* _TASK ITEM_: Could you repeat exactly the lines below, from the line containing "Cobb Navy Blue Striped Slim Fit Casual Shirt" through the last one, both included, while leaving out any pictures?

* _RECORDED DATA_:
● ● ● ●

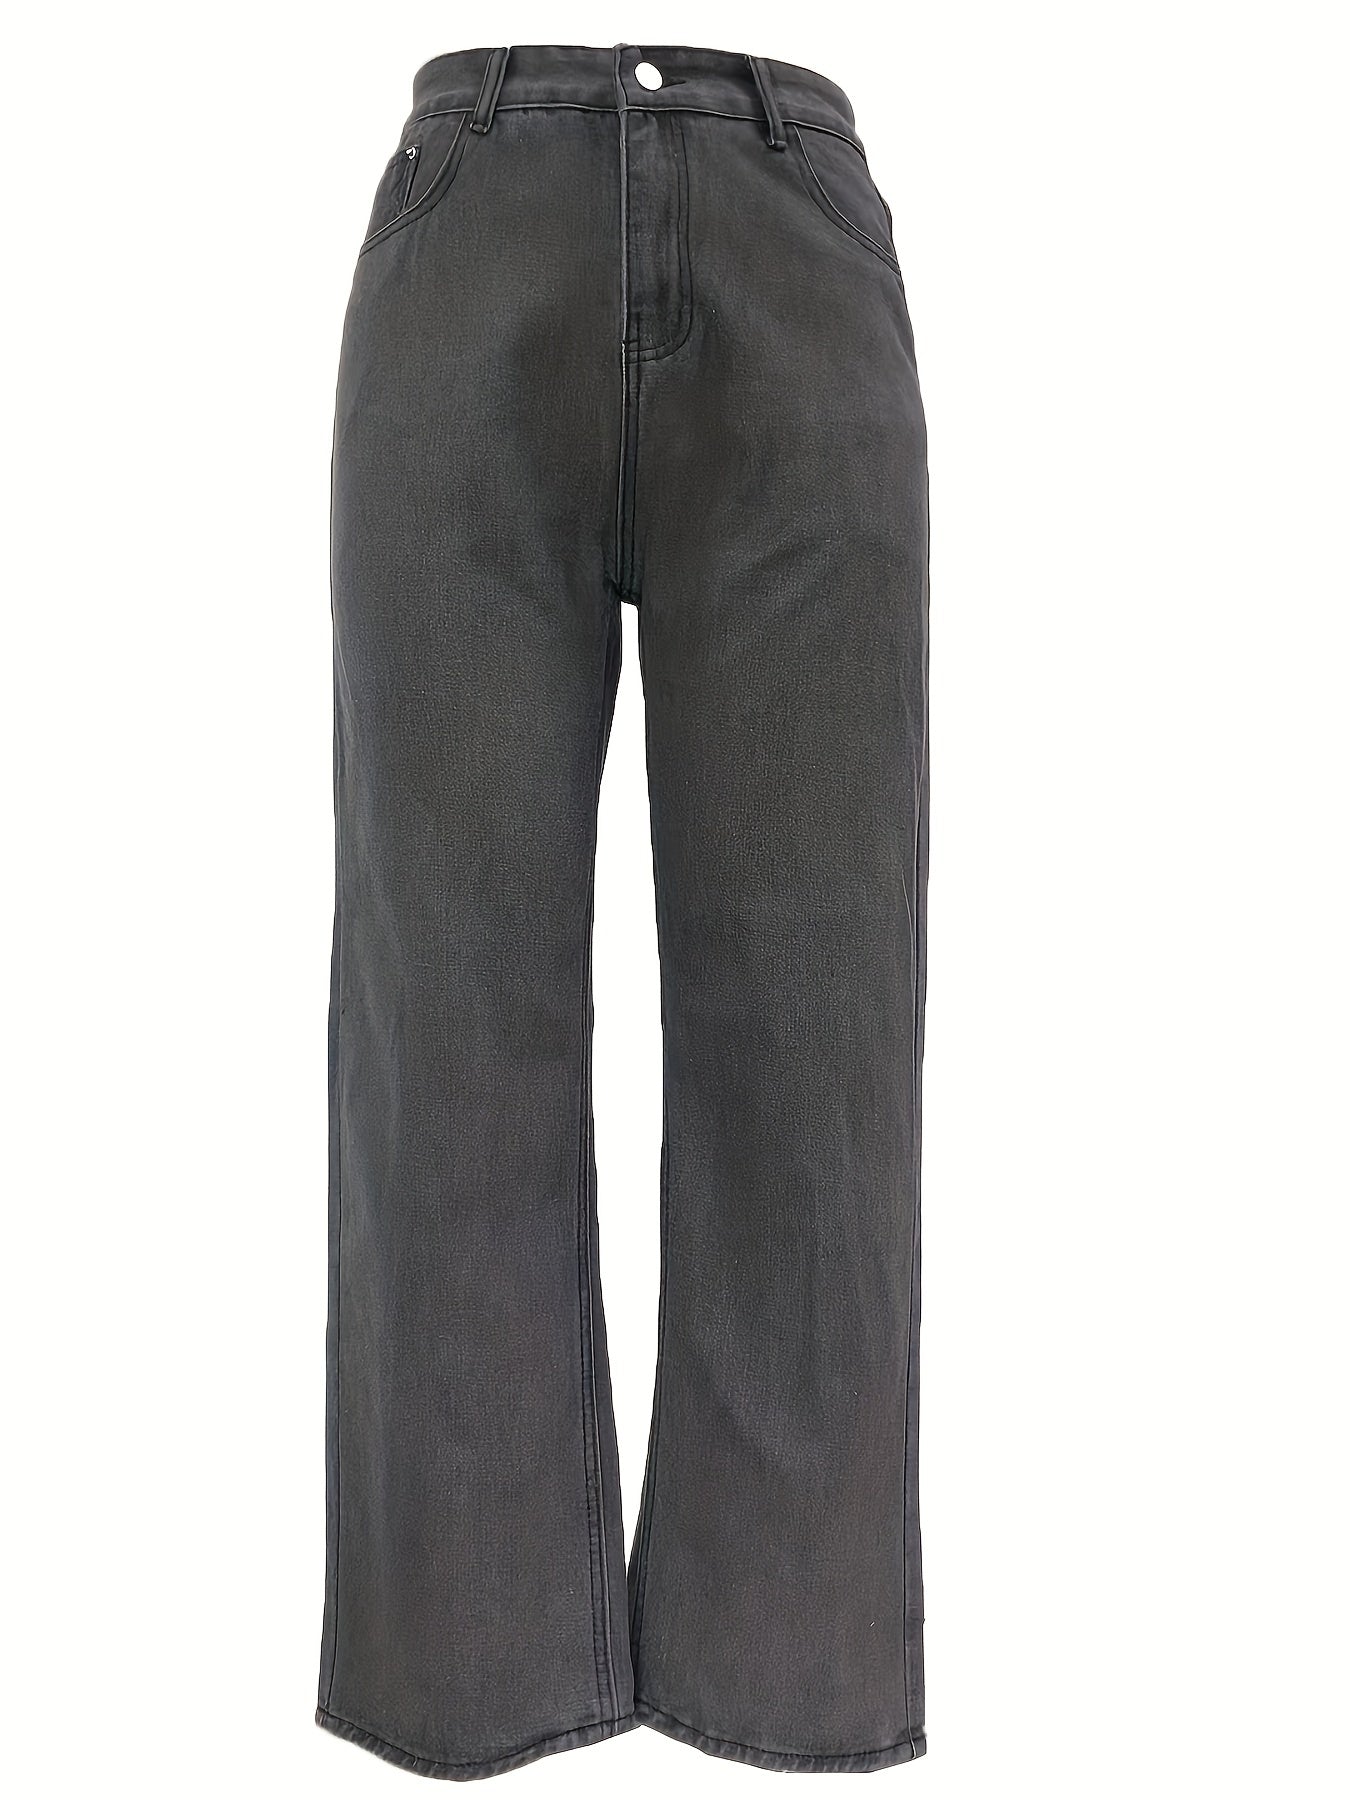 「lovevop」Solid Loose Fit Straight Jeans, Non-Stretch Slash Pockets Baggy Denim Pants, Women's Denim Jeans & Clothing
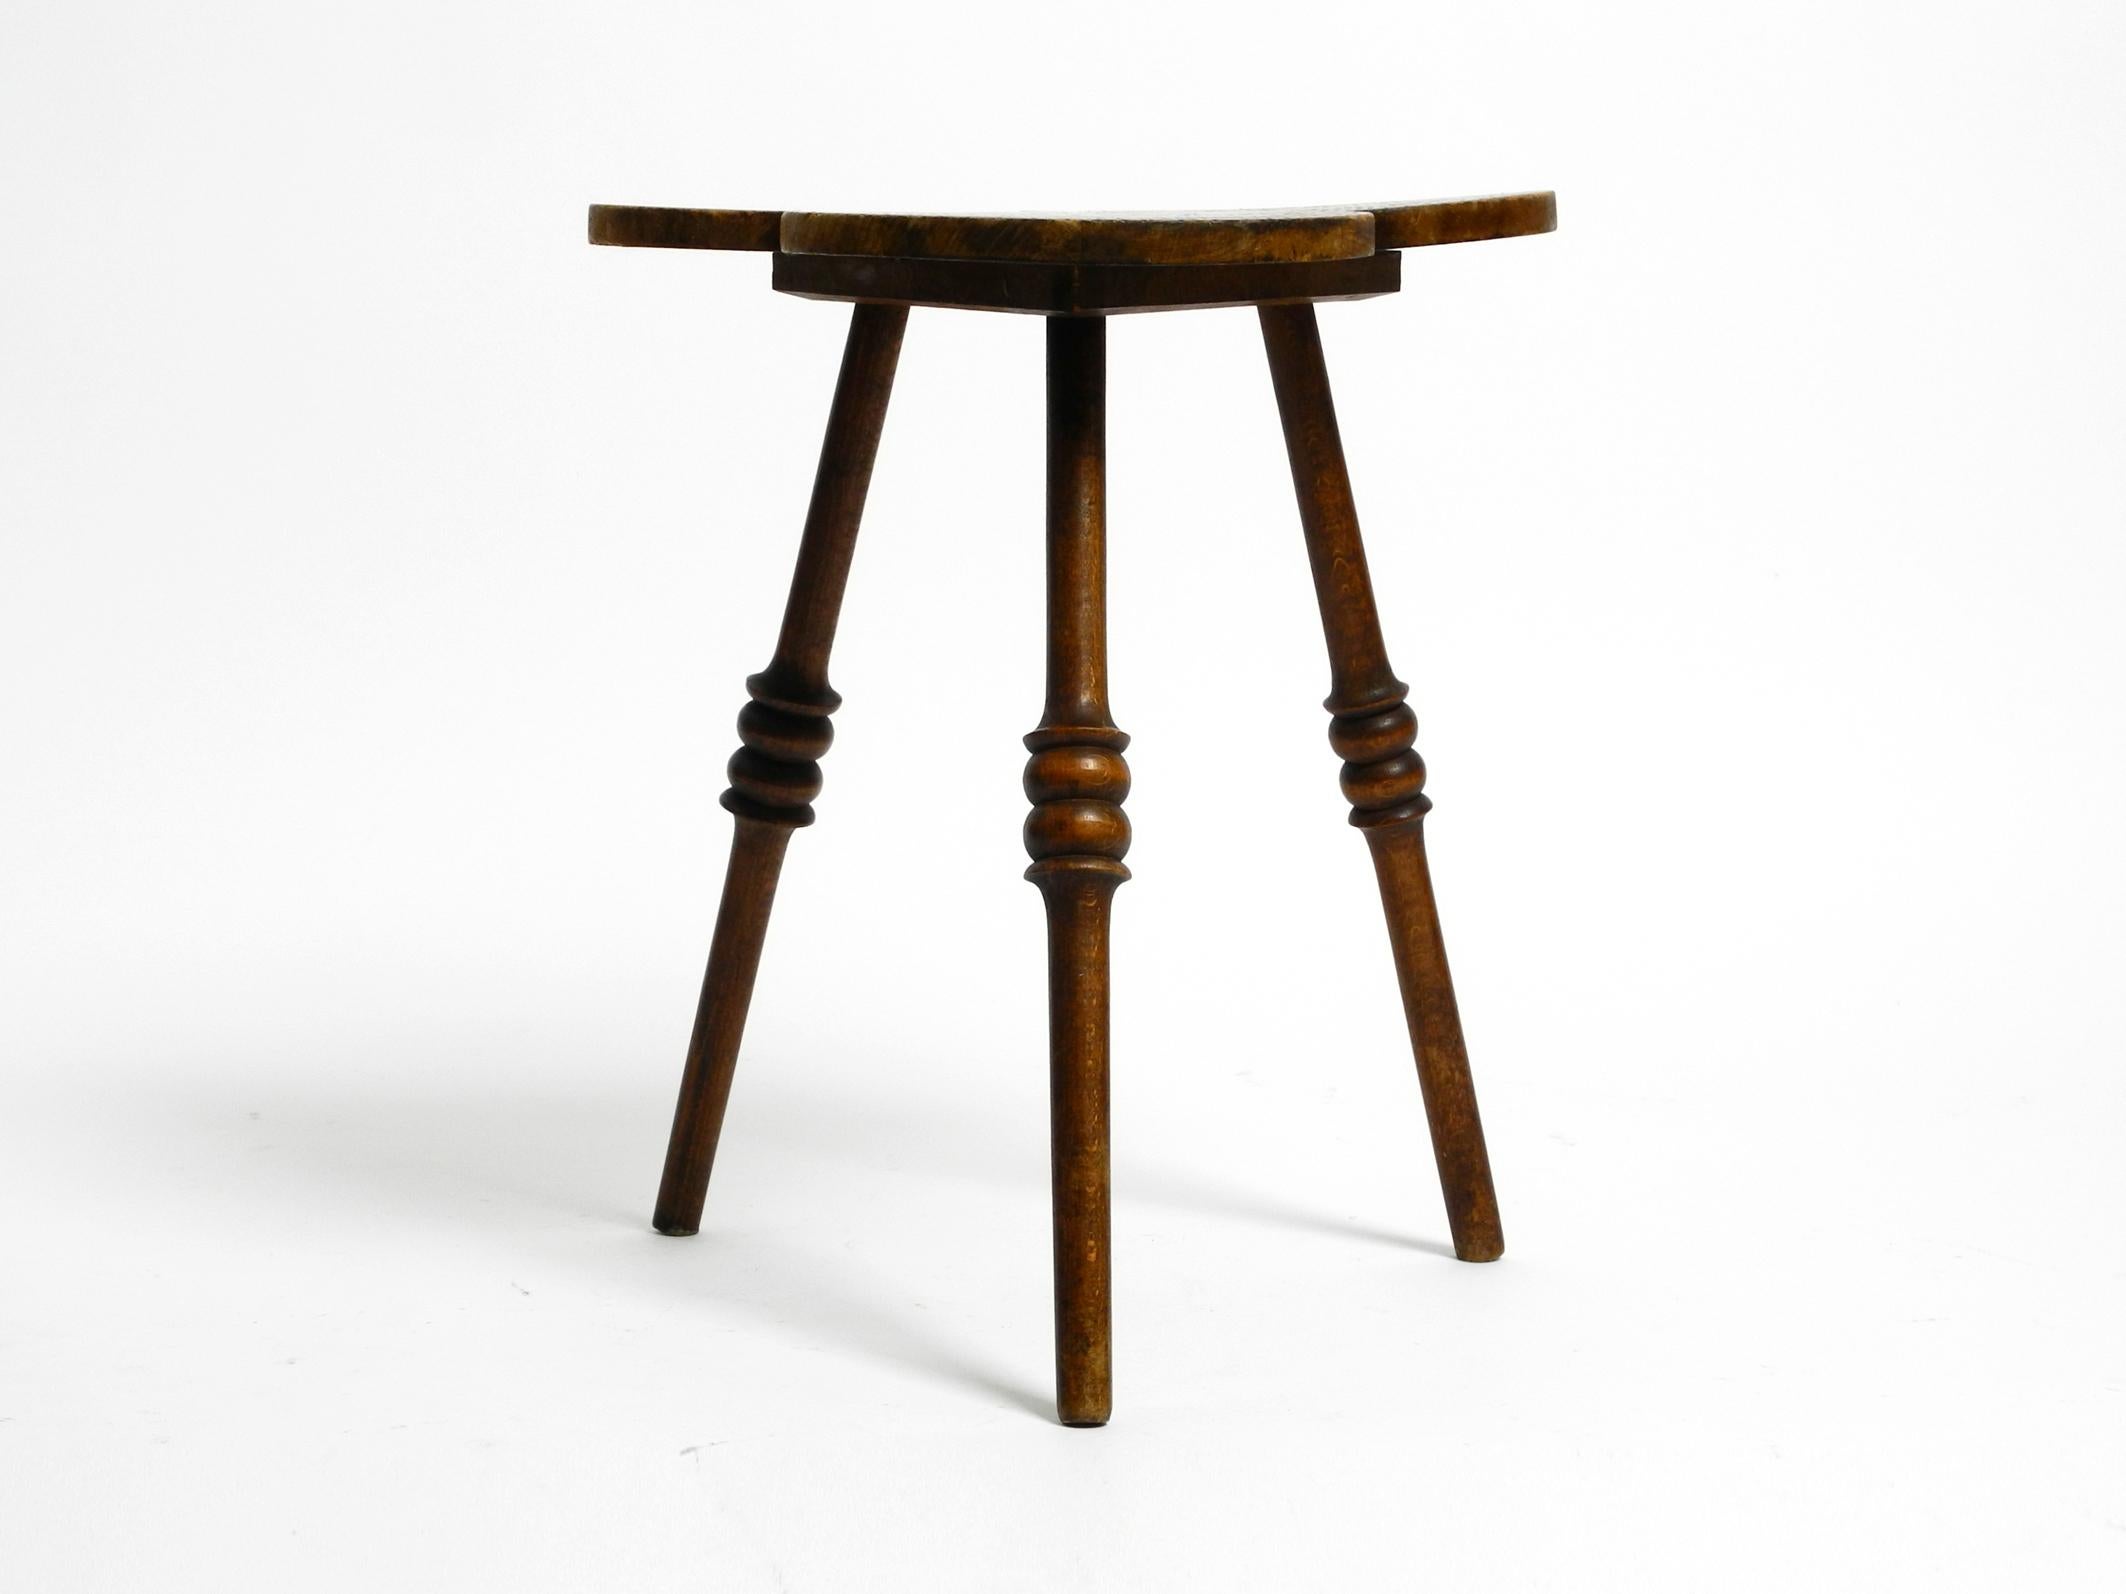 Art Nouveau Beautiful small 1920s three-legged trefoil side table made of walnut
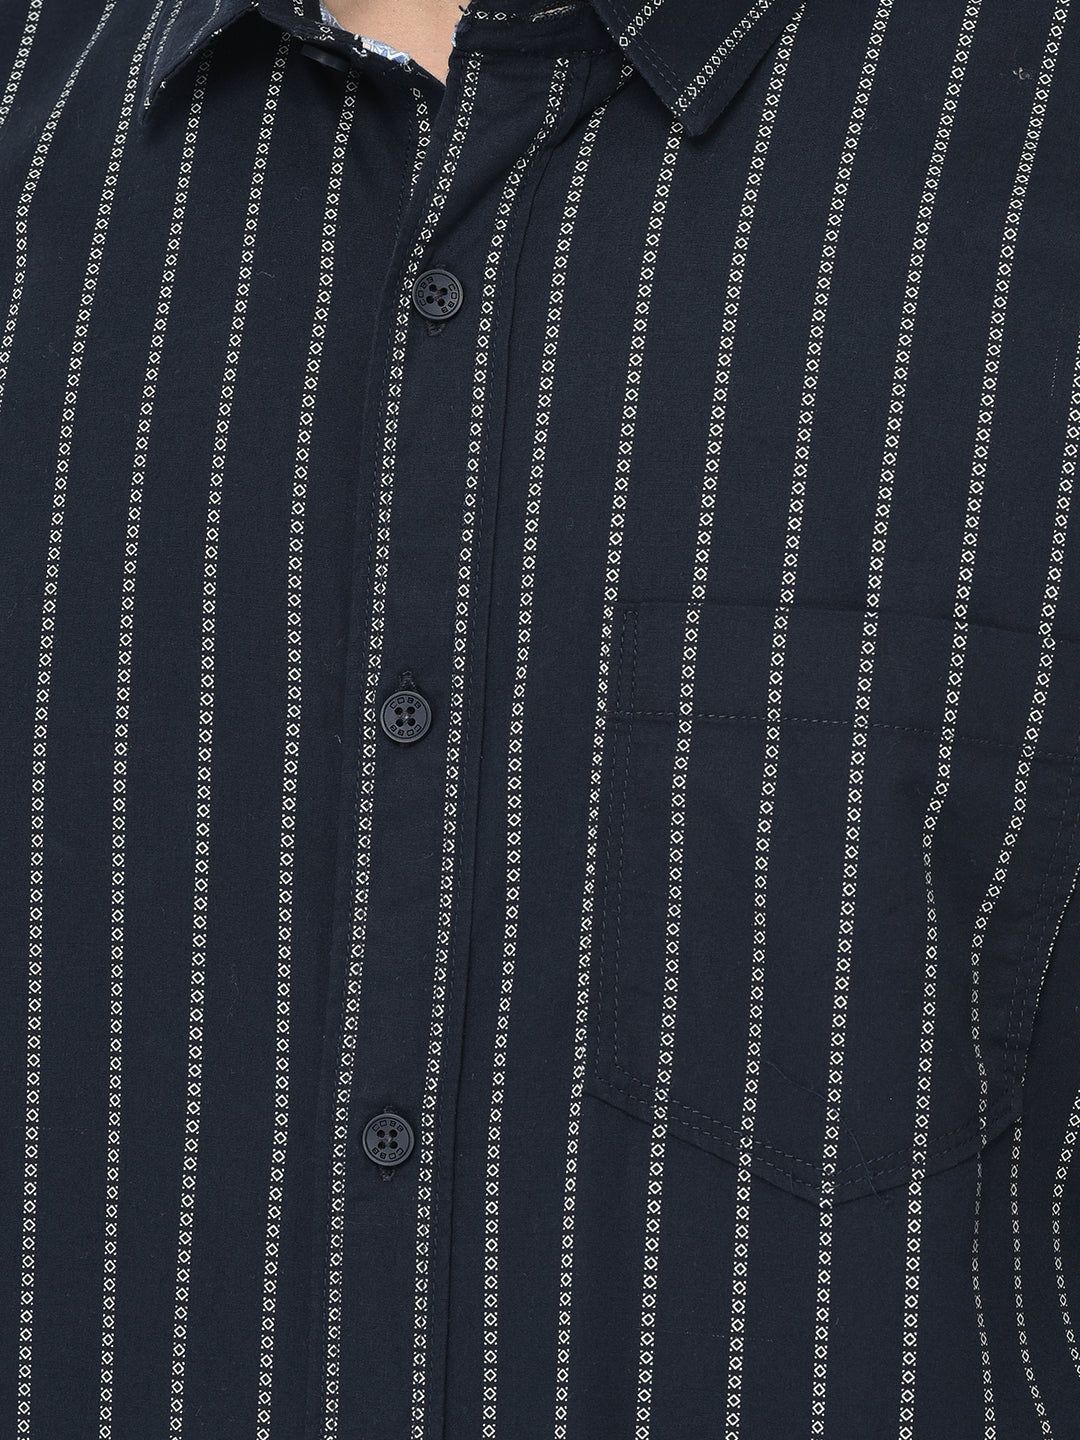 Cobb Navy Blue Striped Slim Fit Casual Shirt
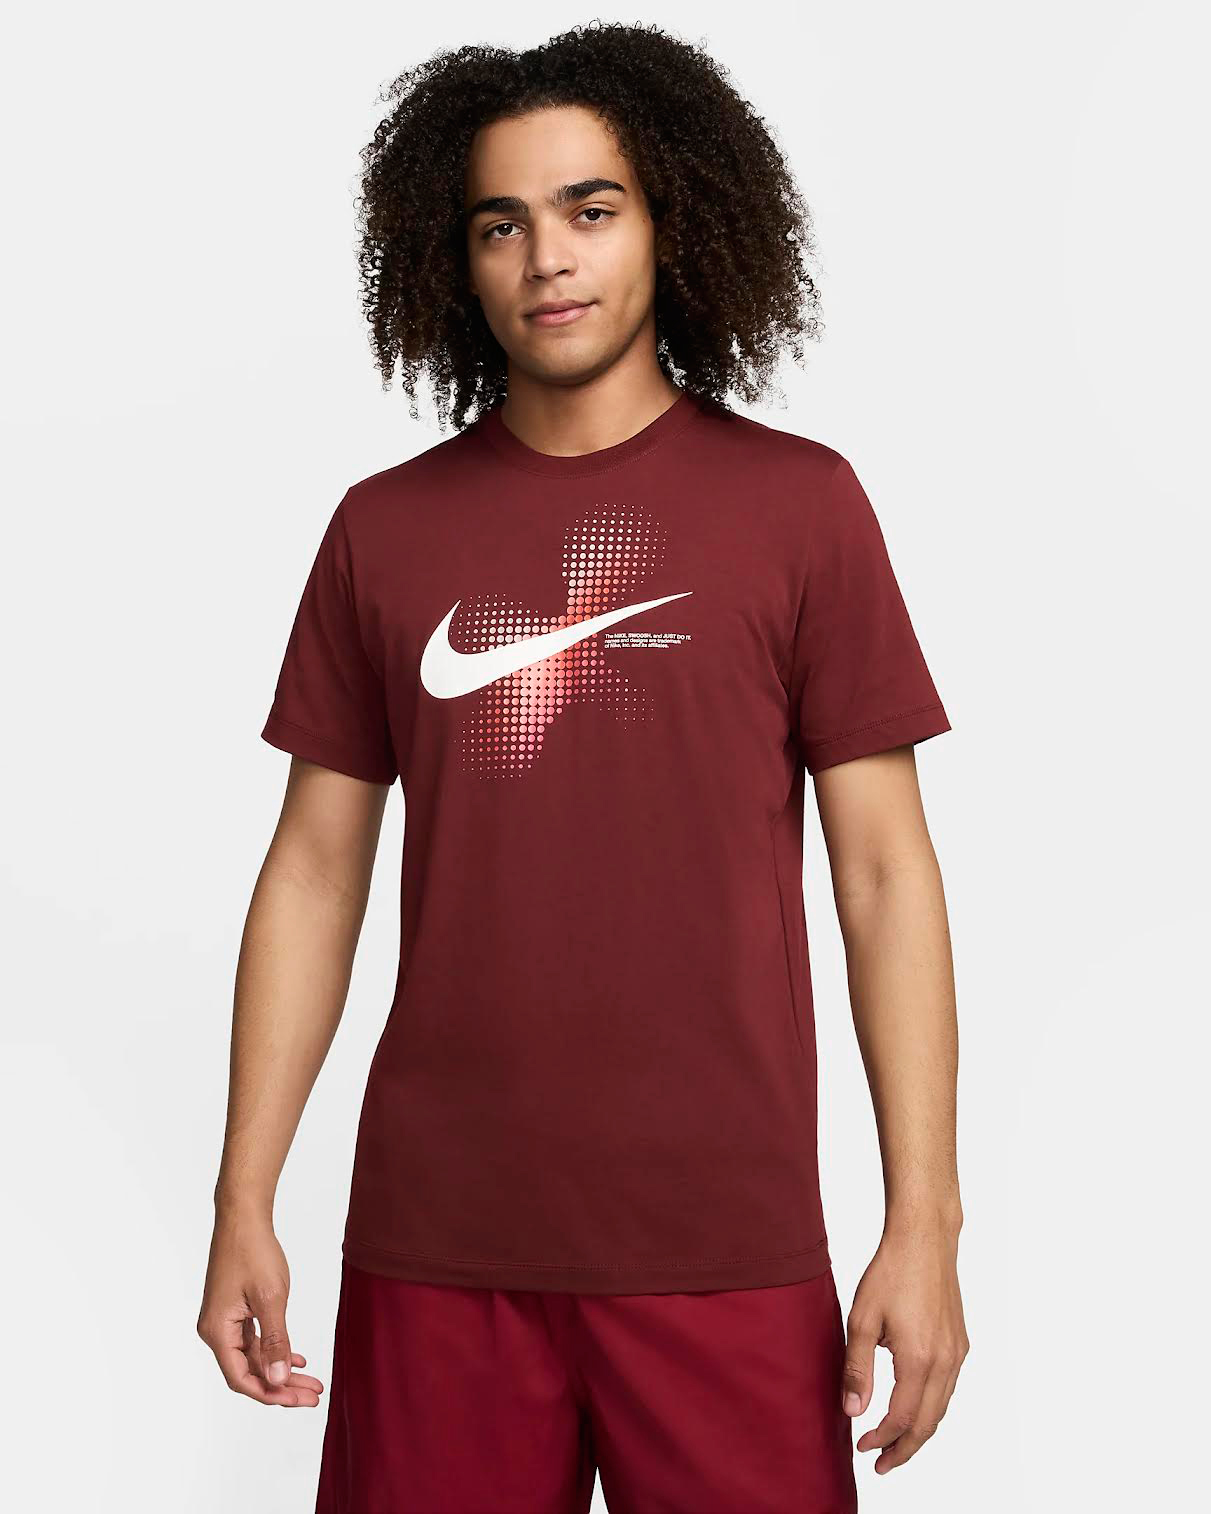 Nike-Sportswear-T-Shirt-Dark-Team-Red

● ● ● ●

* _SOLUTION TO THIS PROBLEM_:
 Cobb Navy Blue Striped Slim Fit Casual Shirt
 Nike-Sportswear-T-Shirt-Dark-Team-Red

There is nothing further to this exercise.